Exercise instructions:
With the pictures left out, retype exactly the lines below starting at the line that contains "La elegante y" and ending at the line that contains "Feliz amigos comer".

Data provided:
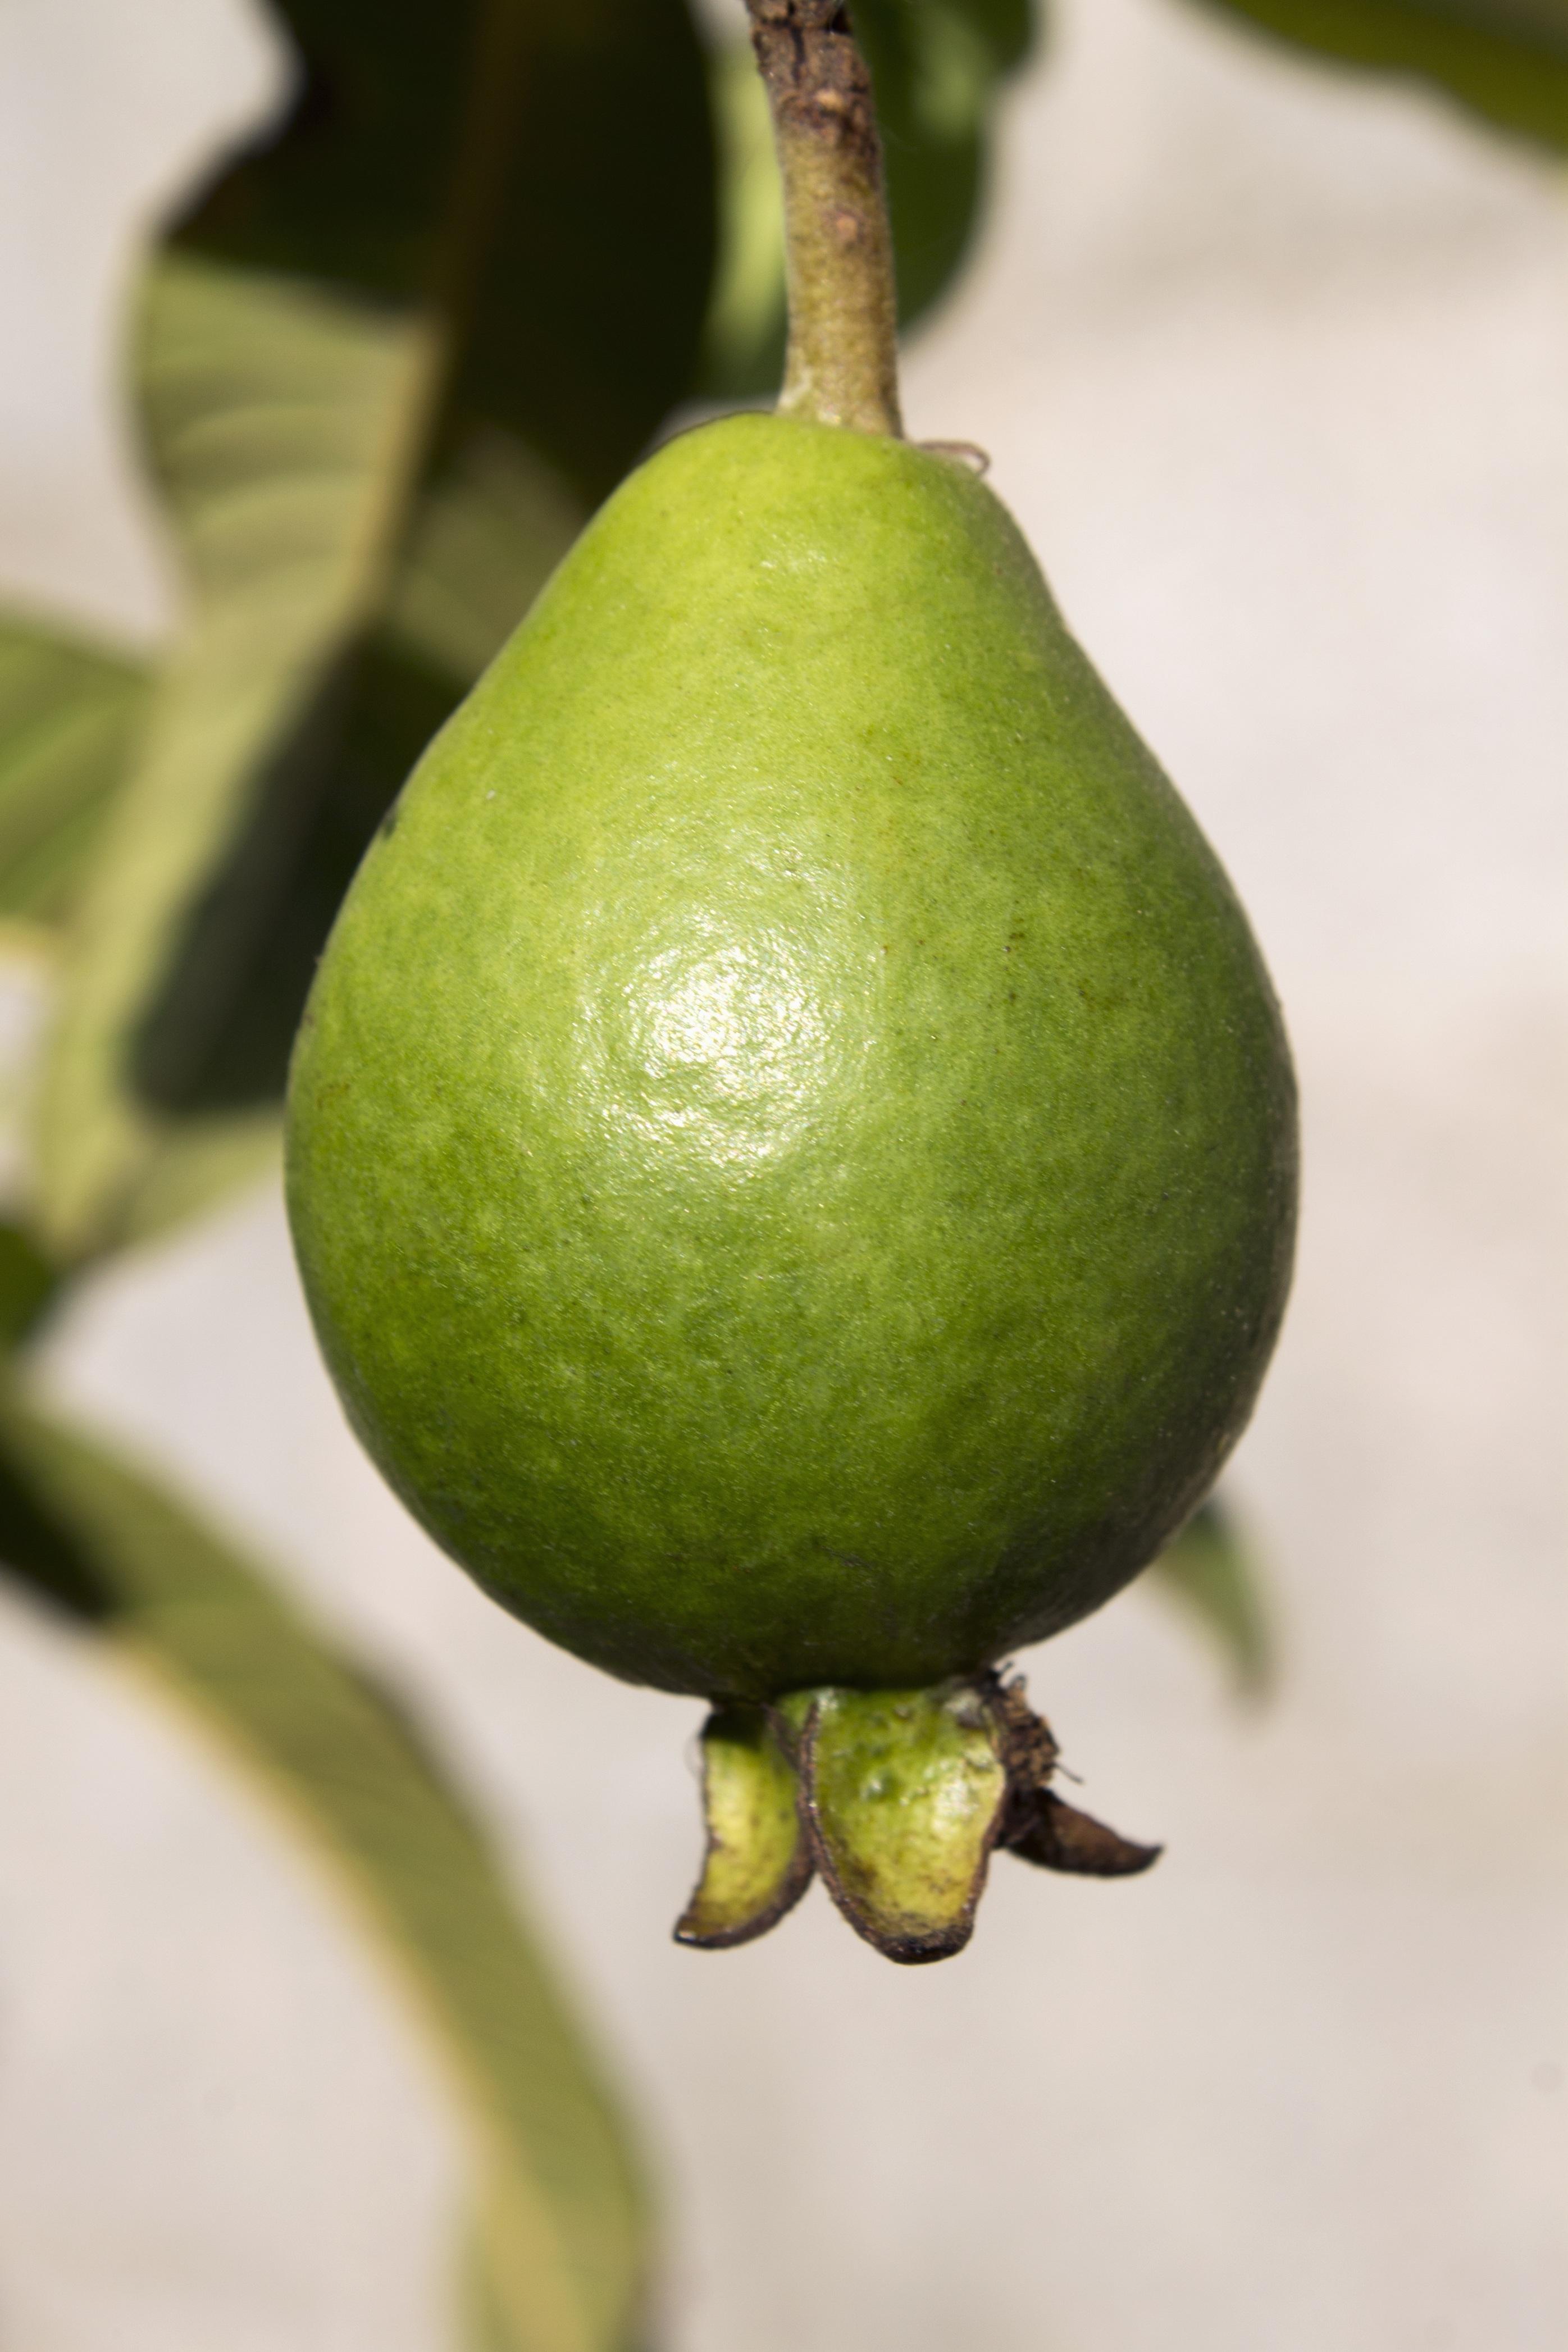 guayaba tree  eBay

* * *

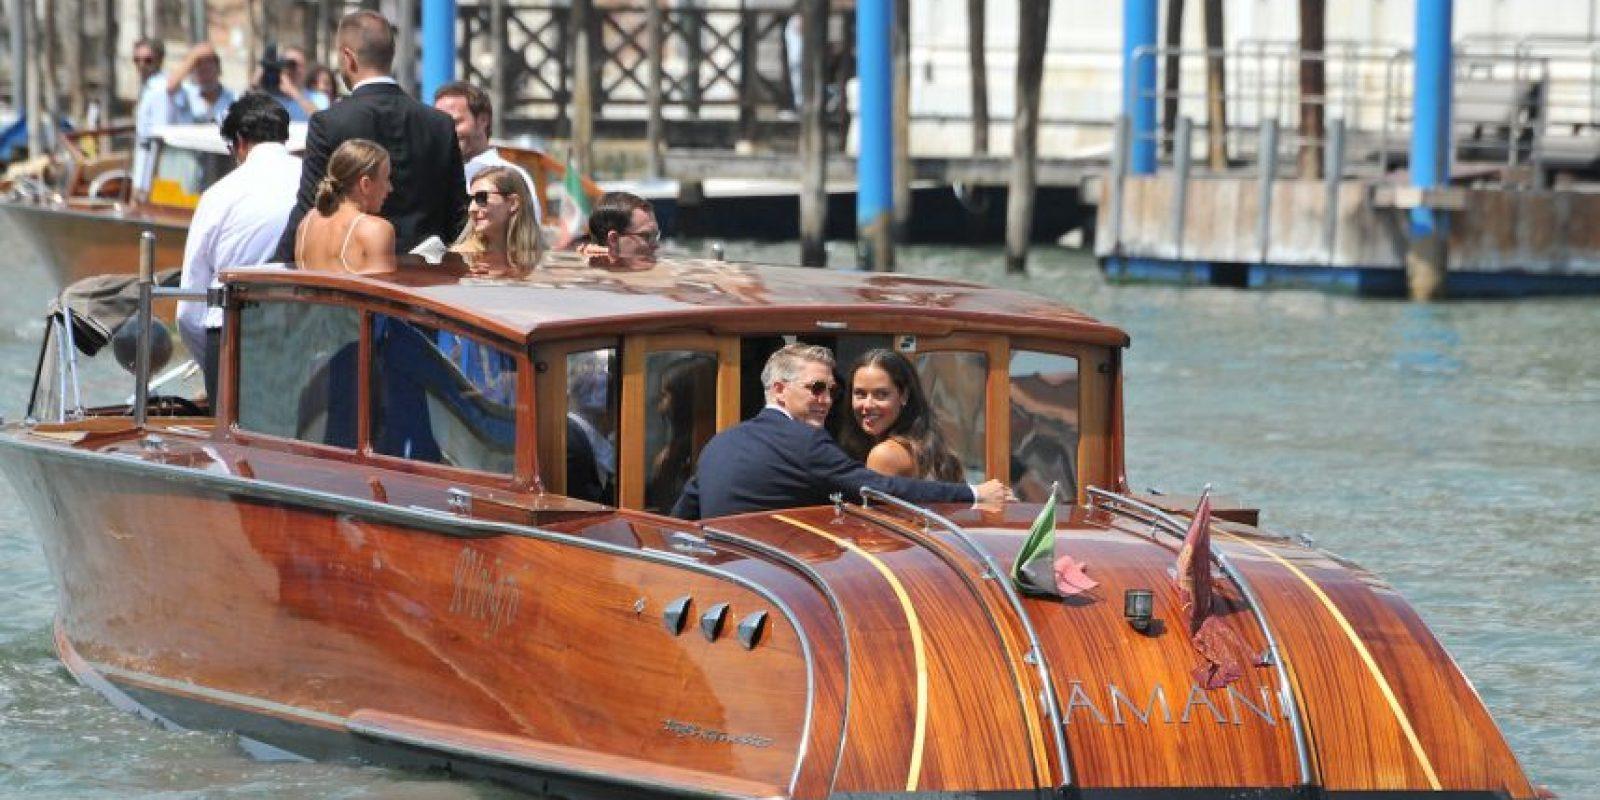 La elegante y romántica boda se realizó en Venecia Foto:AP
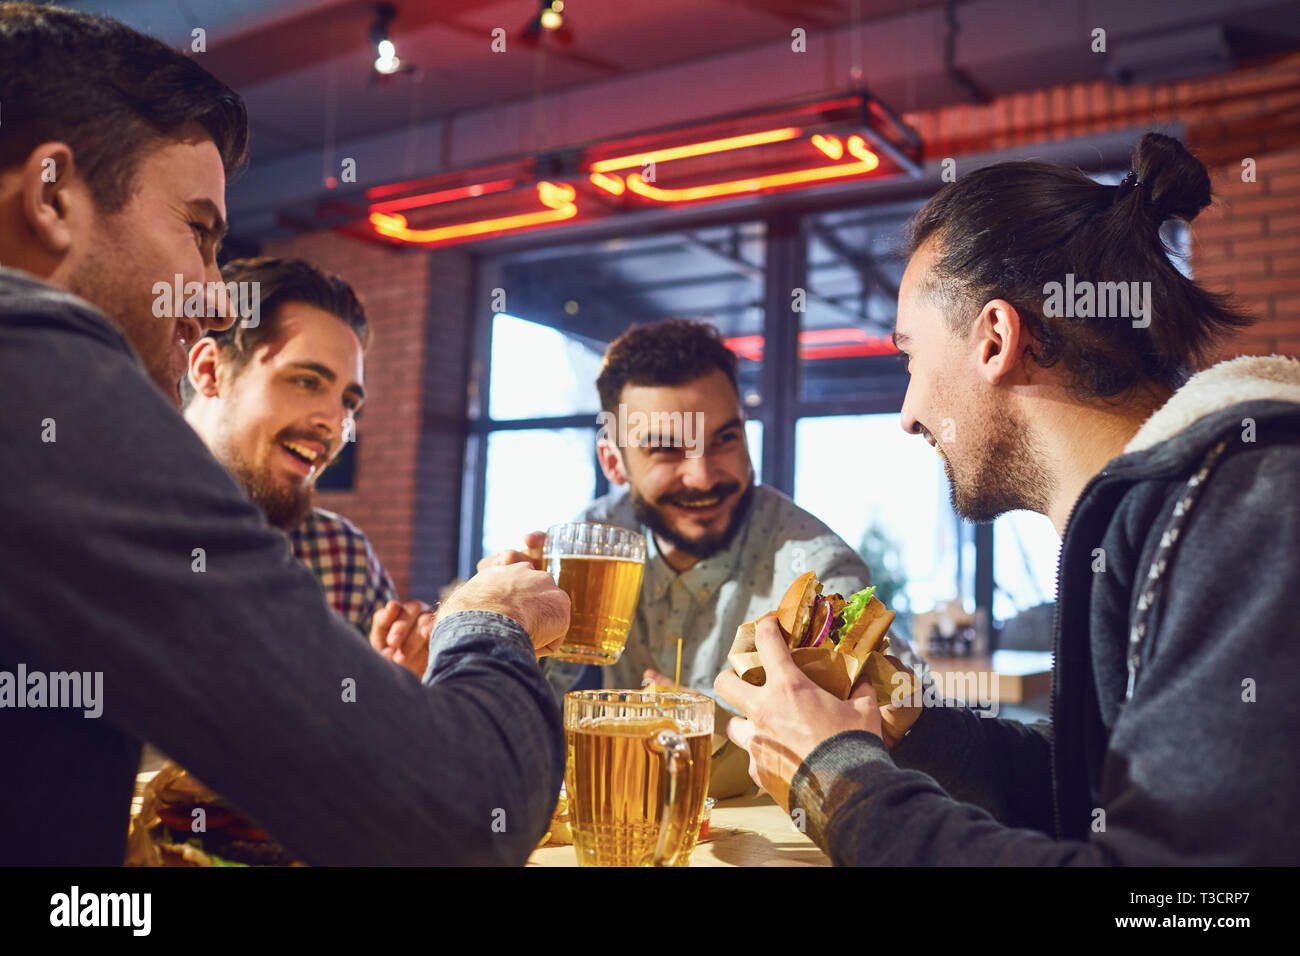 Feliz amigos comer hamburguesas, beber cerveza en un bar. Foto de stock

Written answer:
 La elegante y romántica boda se realizó en Venecia Foto:AP
 Feliz amigos comer hamburguesas, beber cerveza en un bar. Foto de stock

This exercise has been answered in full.